# Found this on ebay. Pheonix Gold Reactor Special Edition



## milburyl (Feb 23, 2014)

Phoenix Gold Amplifier | eBay


----------



## HardCoreDore (Apr 30, 2014)

Man I've always wanted one of those. I'm just a fan of big amps that can run an entire system. Especially, GOOD amps that can run an entire system.


----------



## milburyl (Feb 23, 2014)

Yeah, its especially nice because that limited edition EQ comes with it too. One of 500 amp, and one of 250 EQ. That amp is a ZX450 and a ZX500 in one. I believe they made a ZX950 that is the same thing, just not with the "Nuclear Reactor" themed case.


----------



## mikelycka (Apr 4, 2008)

nice little over priced and the caps need to be changed if used
I would think 600-800 a better price


----------



## HardCoreDore (Apr 30, 2014)

If it's never been powered up, and the caps aren't leaking, would they still need replacement?


----------



## mikelycka (Apr 4, 2008)

Yes they leak just from age that is the sad part of it


----------



## veleno (Sep 16, 2006)

Why would they make only 250 eq's but 500 amps? What if every amp owner wanted an eq? Supply and demand I guess, plus it's a good way to raise prices over the hype of limited quantity.


----------



## mikelycka (Apr 4, 2008)

ya they sold a lot less eq vs amps but it to bad this style all rust under the clear coating


----------



## mikelycka (Apr 4, 2008)

what I would also do is ask for close up of the board to make sure if the caps are leaking it is not eating the gold plating this can happen and if you really want the unit I would hate for you to buy it at a prime.


----------



## MAIDEN69 (Jun 23, 2014)

What is special about the eq? I have a brand new EQ232Ti exactly like that one. No difference. I don't see anything different on that one.


----------



## HardCoreDore (Apr 30, 2014)

MAIDEN69 said:


> What is special about the eq? I have a brand new EQ232Ti exactly like that one. No difference. I don't see anything different on that one.

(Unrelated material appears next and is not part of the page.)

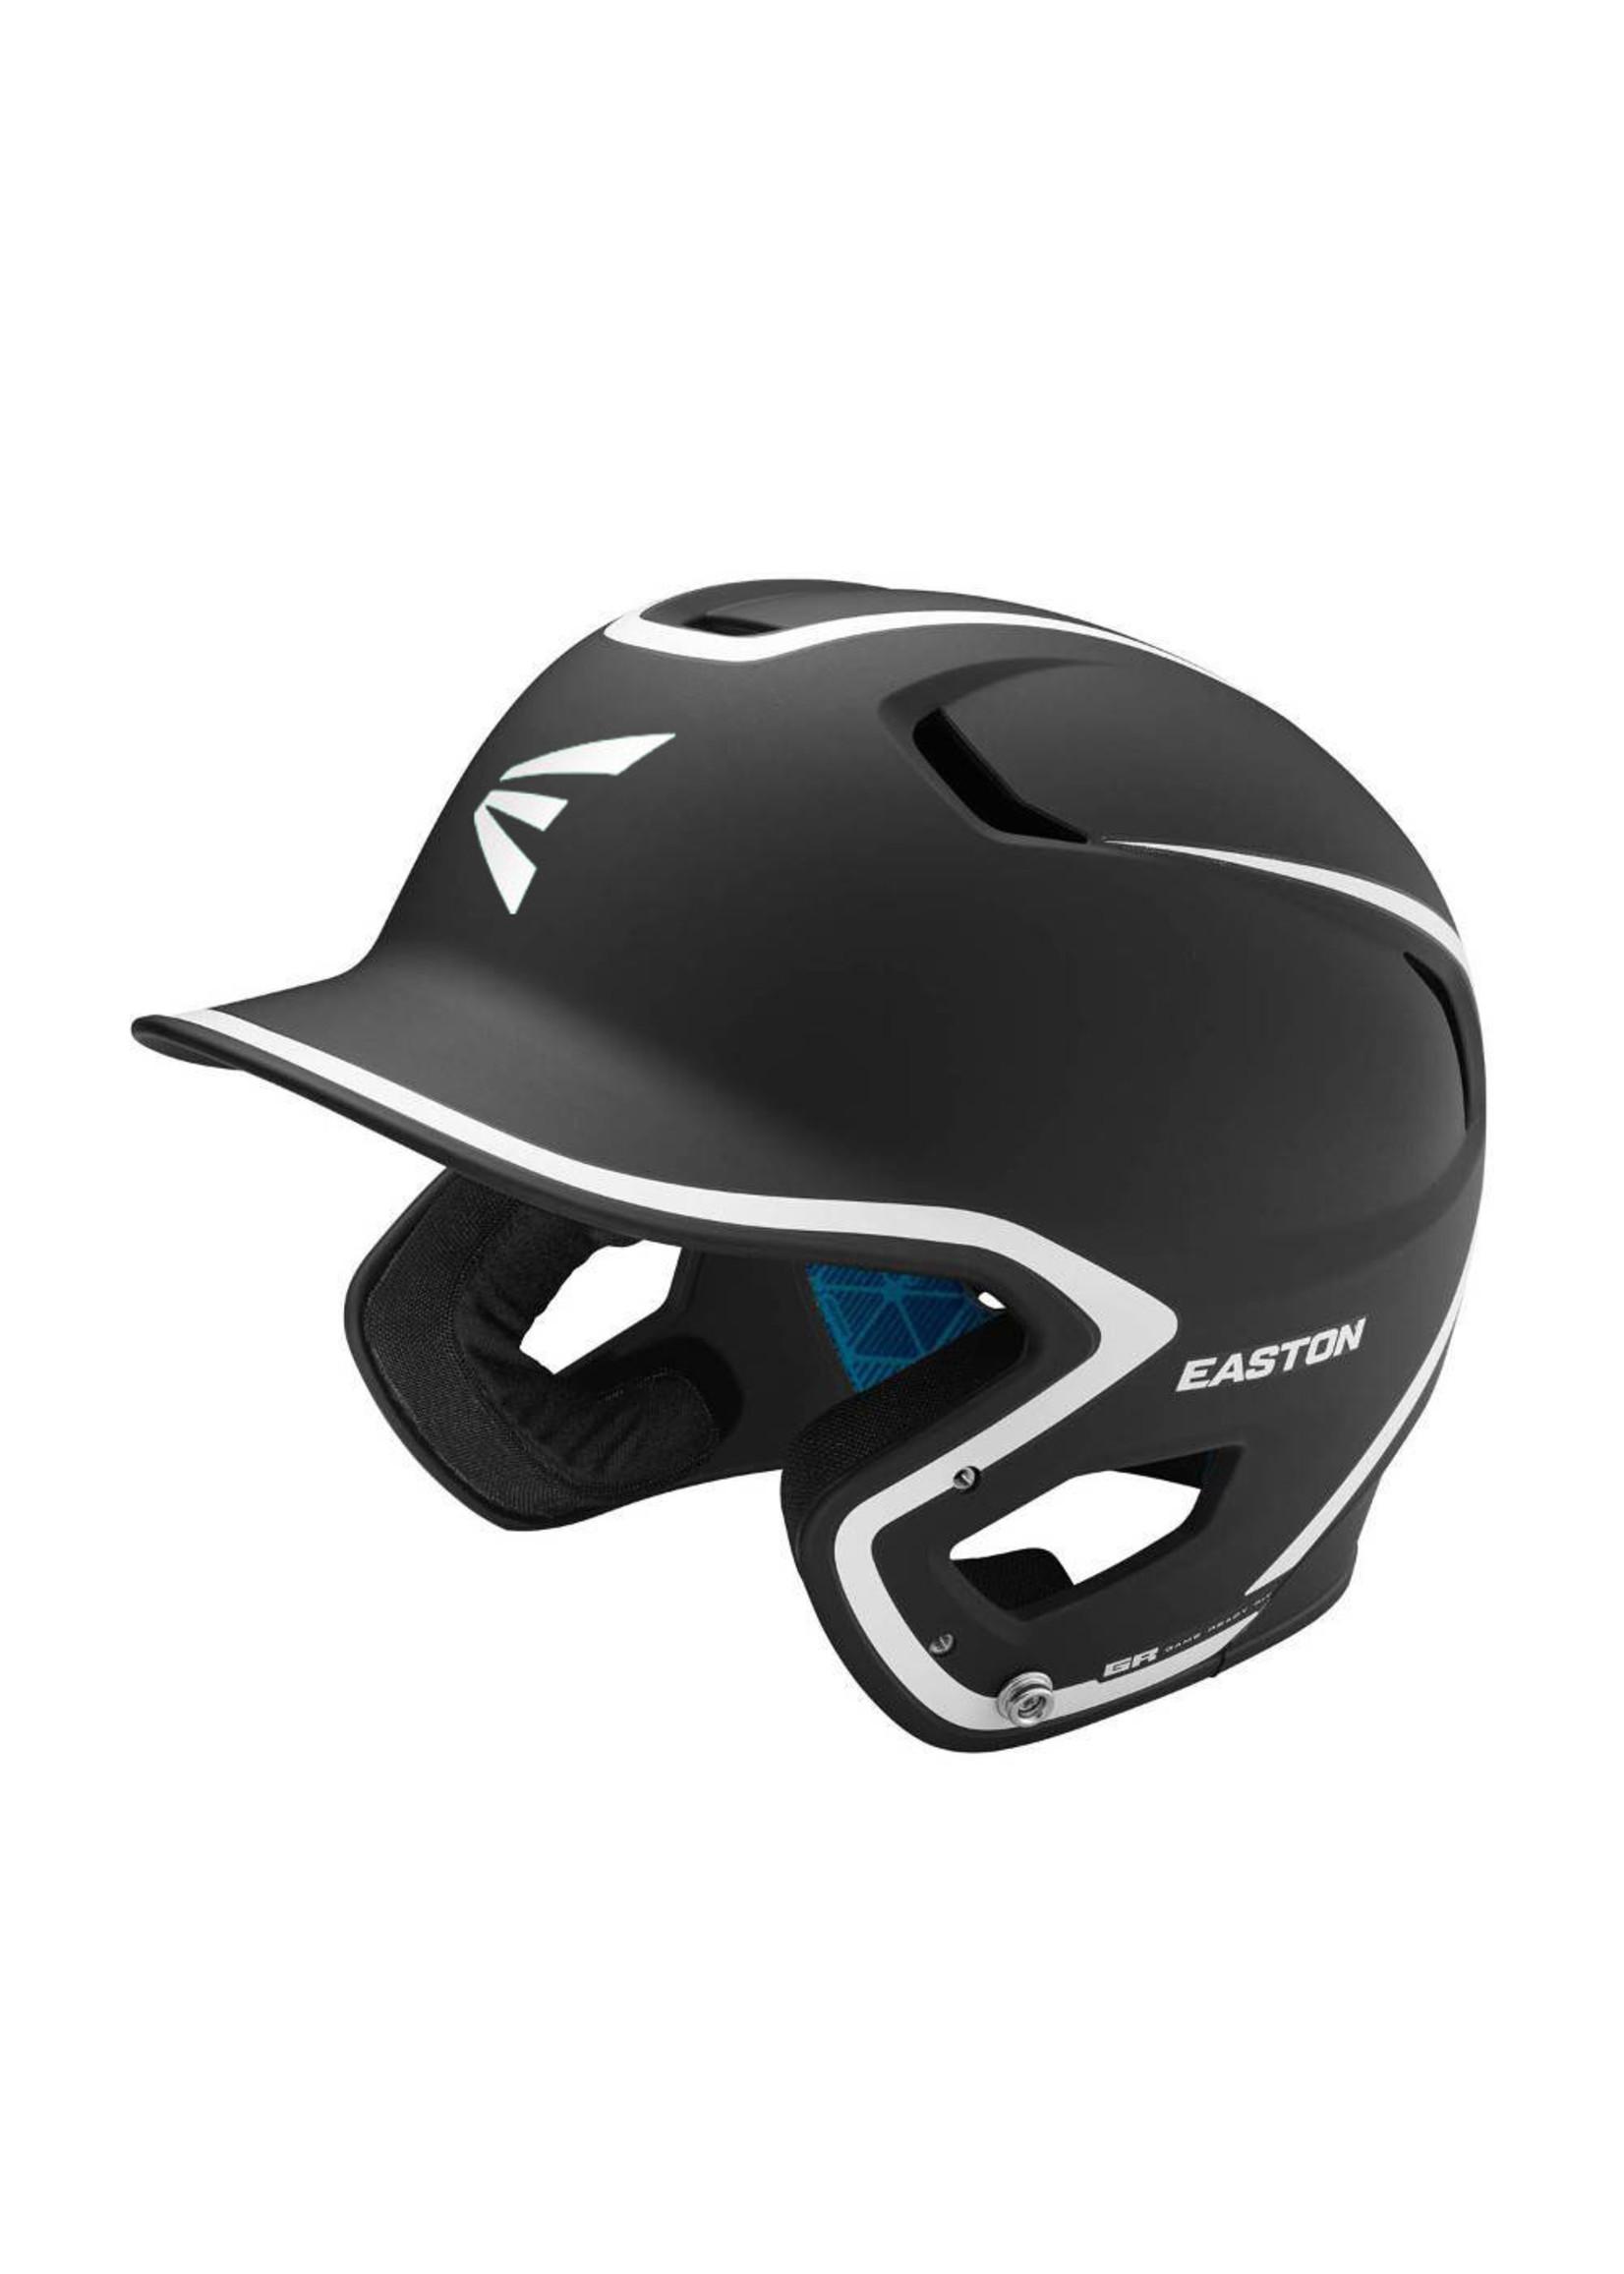 Easton Baseball (Canada) EASTON Z5 2.0 SR 2-COLORS HELMET

It matches the amp, and is numbered 1 of 250 in a limited series. Mechanically it's probably just like yours.


----------



## MAIDEN69 (Jun 23, 2014)

That's kinda lame. Should have the Reactor graphics on it at least. That was one of those amps that just made me drool. Always wished I had one. My Titanium 500.4 still does it for me as well. Wish I had a few of the Titanium amps.


----------